Given information:

----------

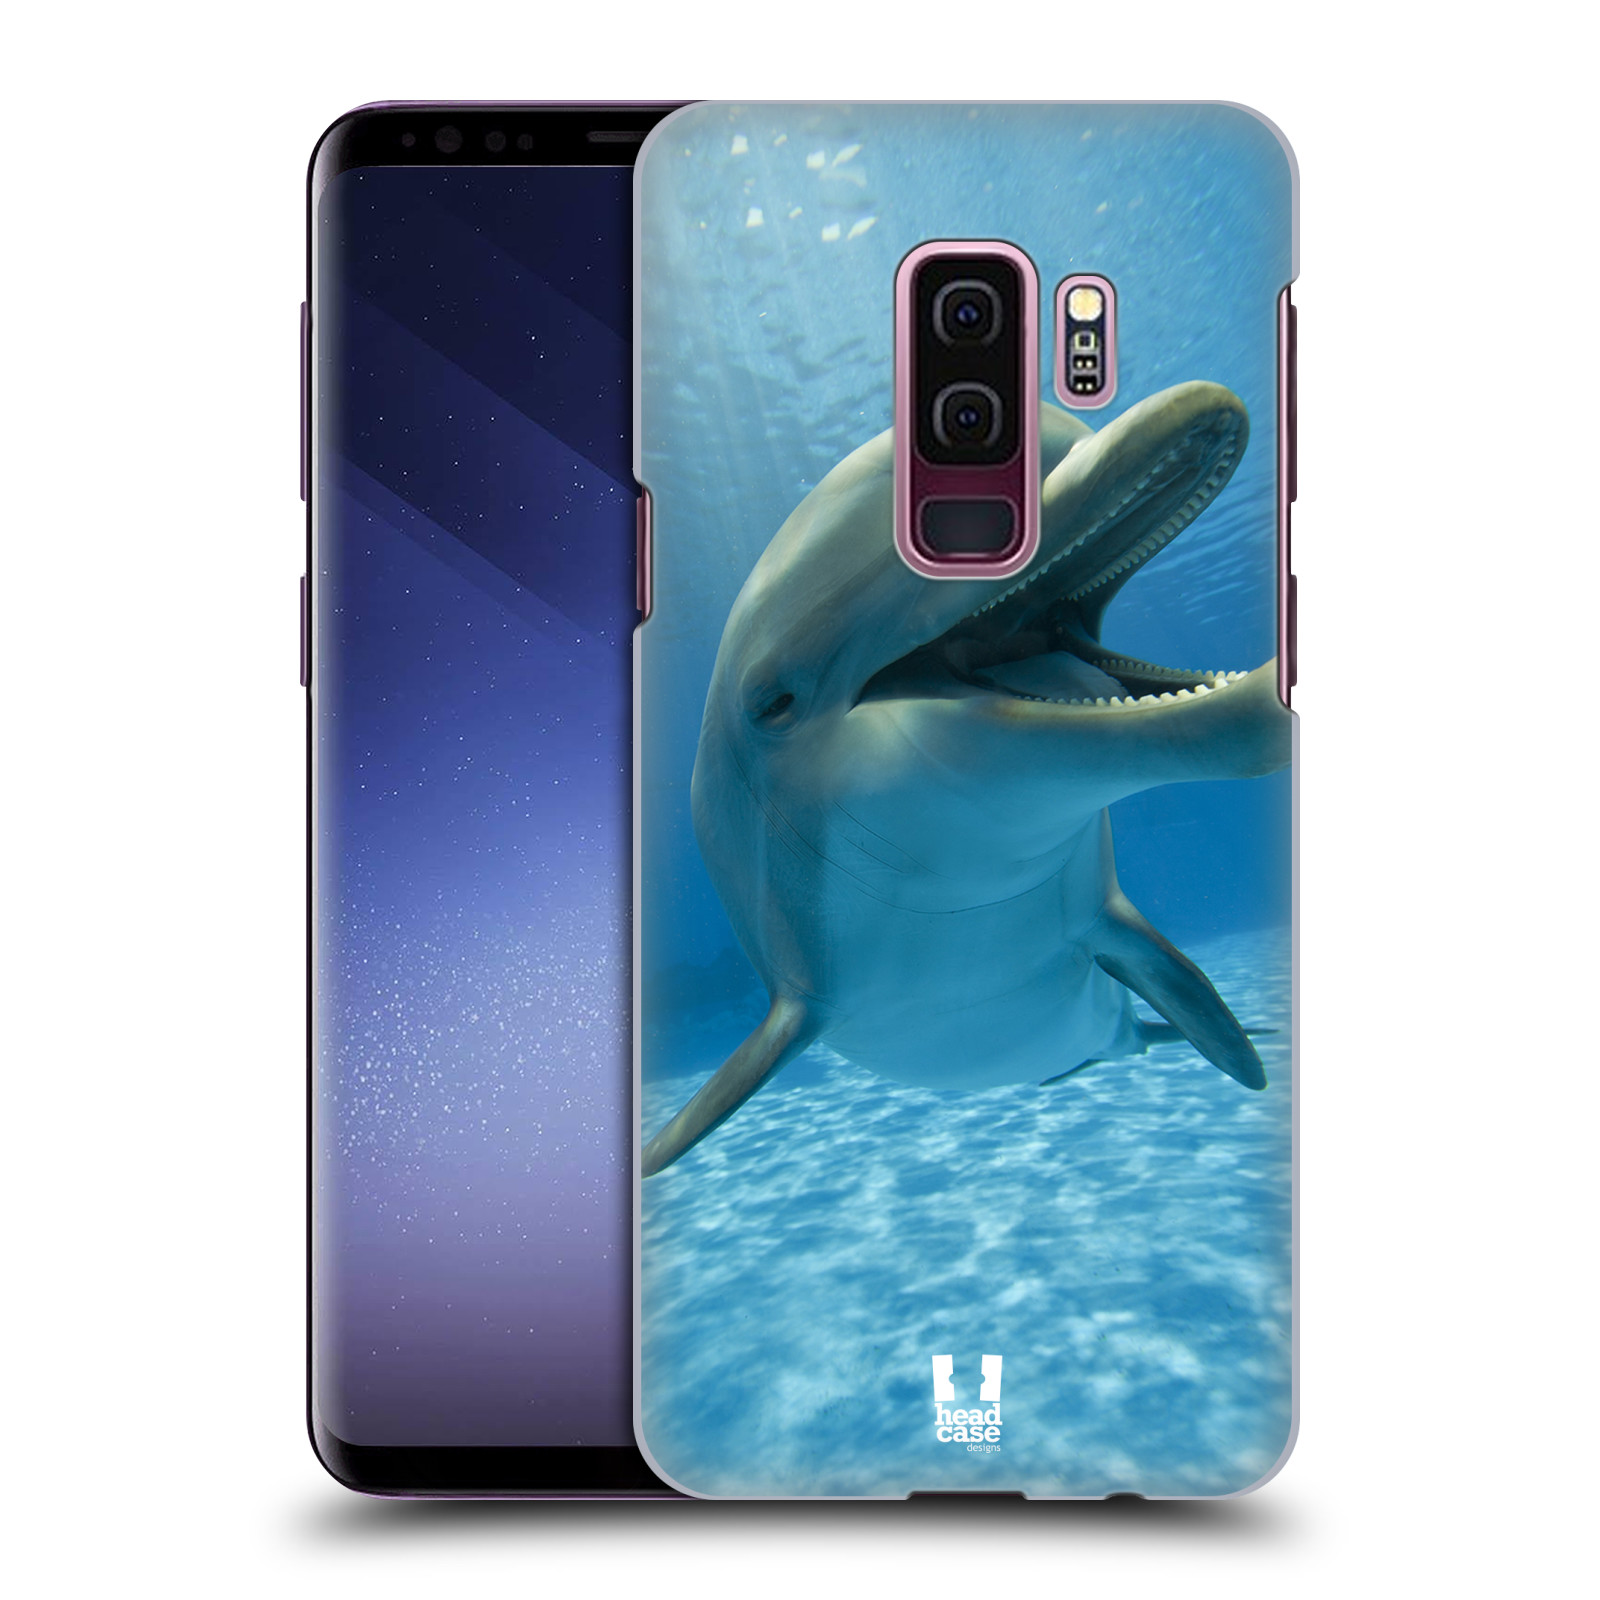 Zadní obal pro mobil Samsung Galaxy S9 PLUS - HEAD CASE - Svět zvířat delfín v moři
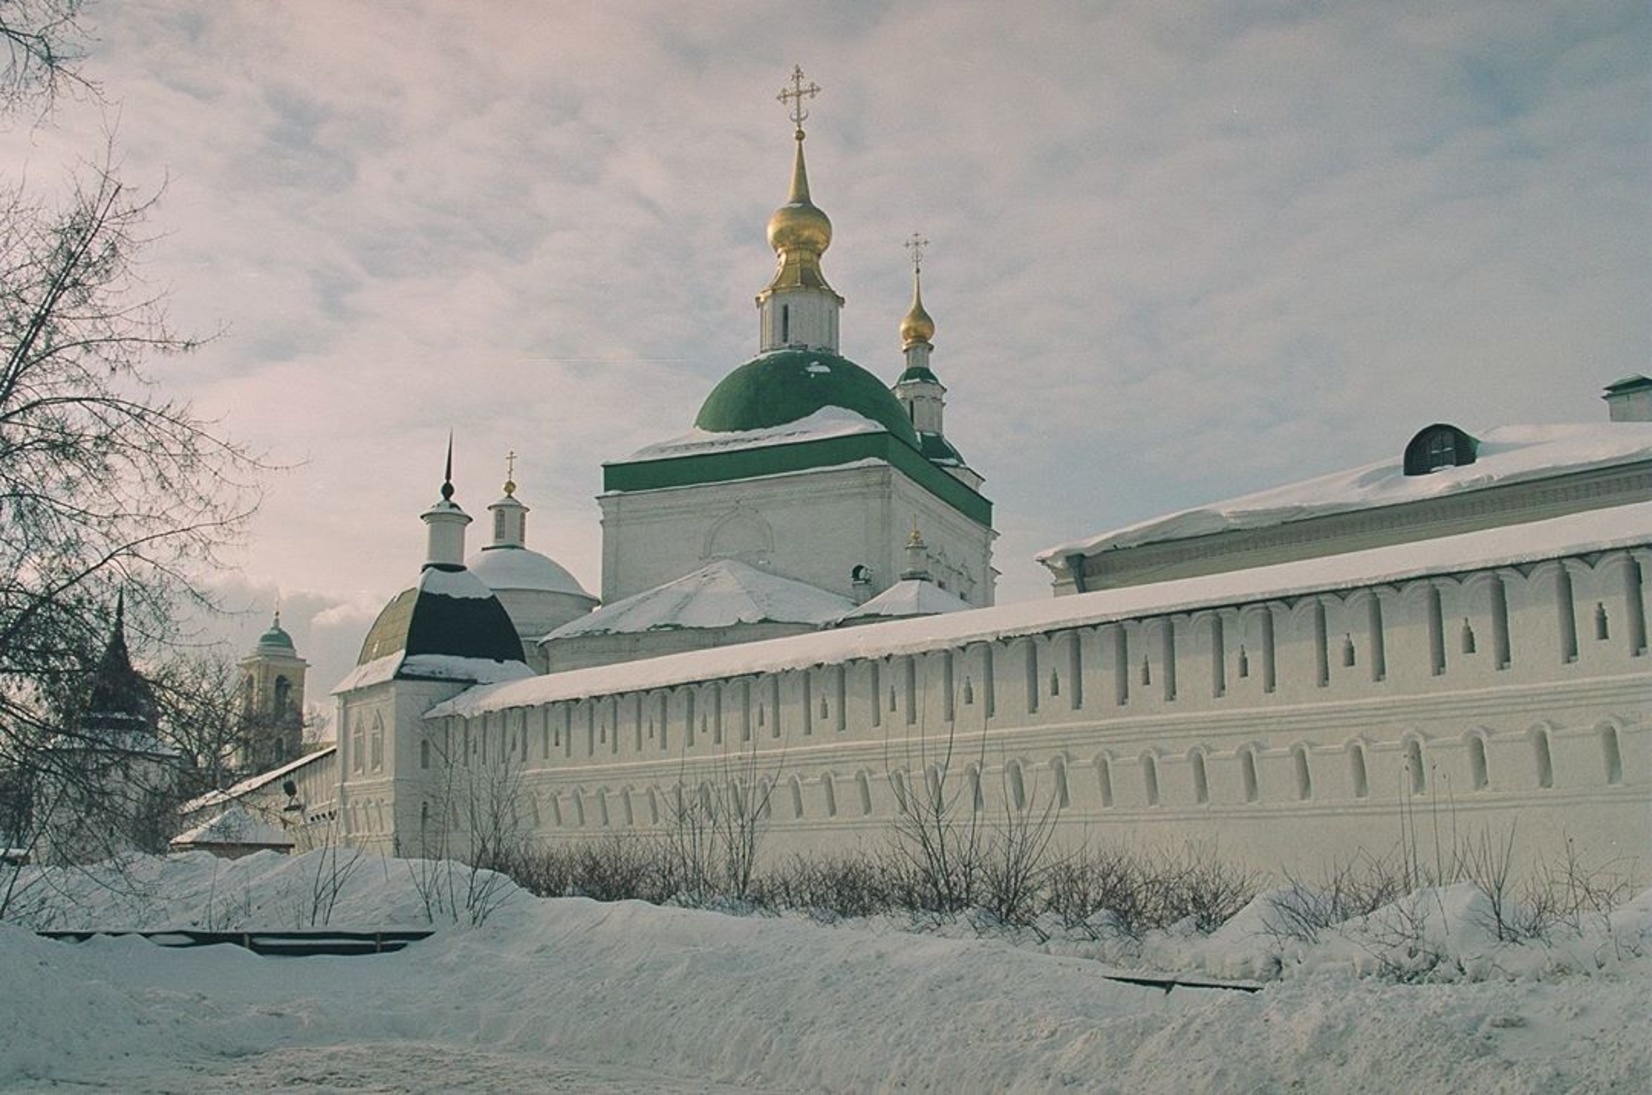 данилов монастырь в москве
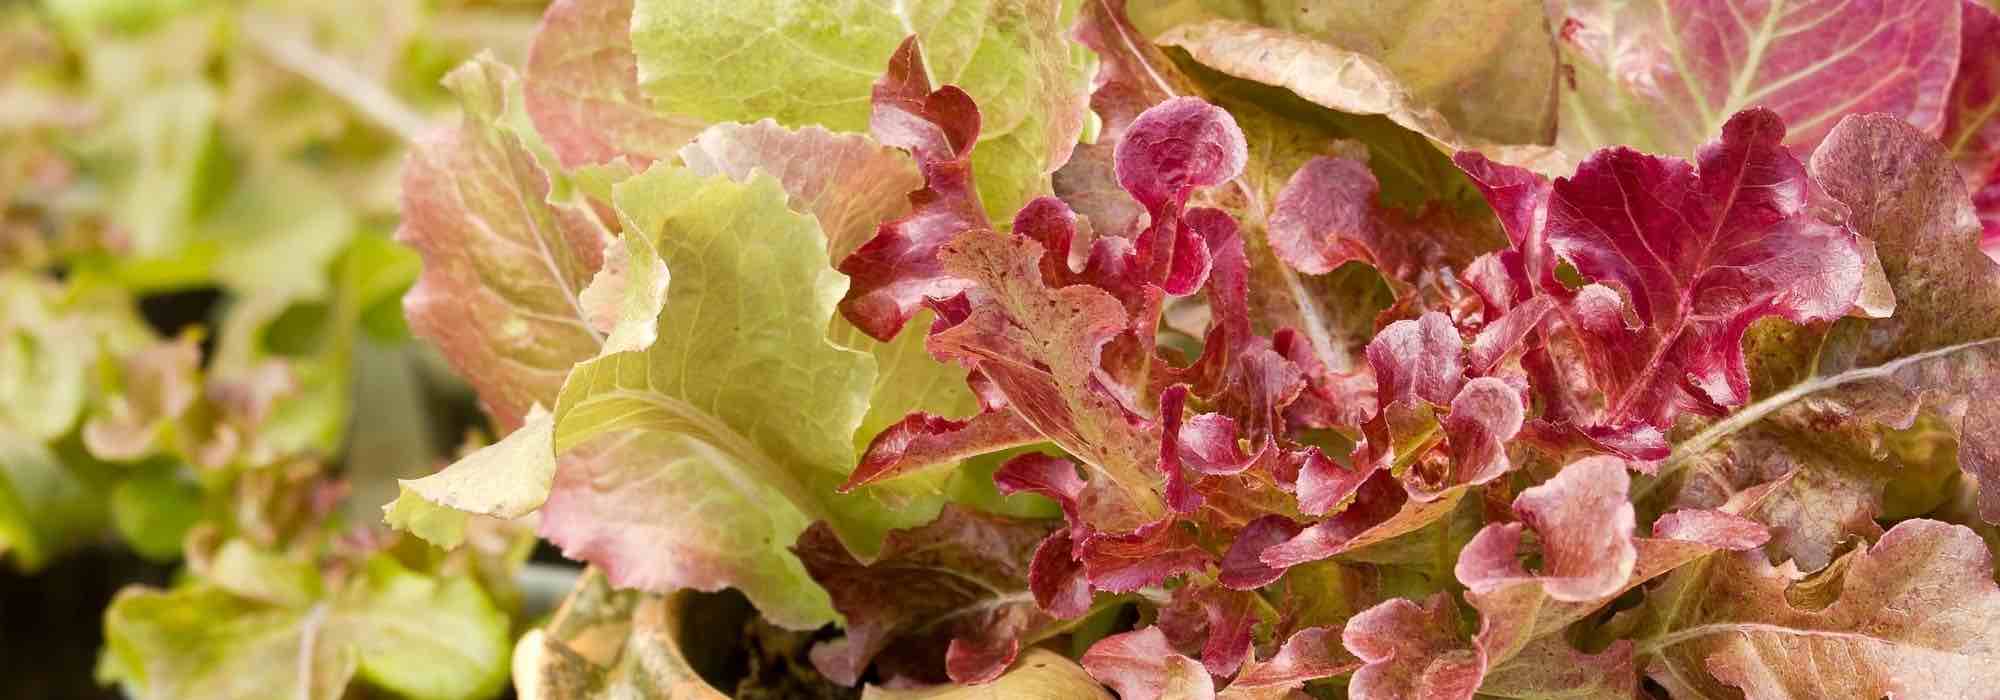 Cultiver la salade en pot

----------

Instructions for the task: Your answer must be an exact copy of the listing, with every picture omitted.

Solution for this exercise:
 Zadní obal pro mobil Samsung Galaxy S9 PLUS - HEAD CASE - Svět zvířat delfín v moři
 данилов монастырь в москве
 Cultiver la salade en pot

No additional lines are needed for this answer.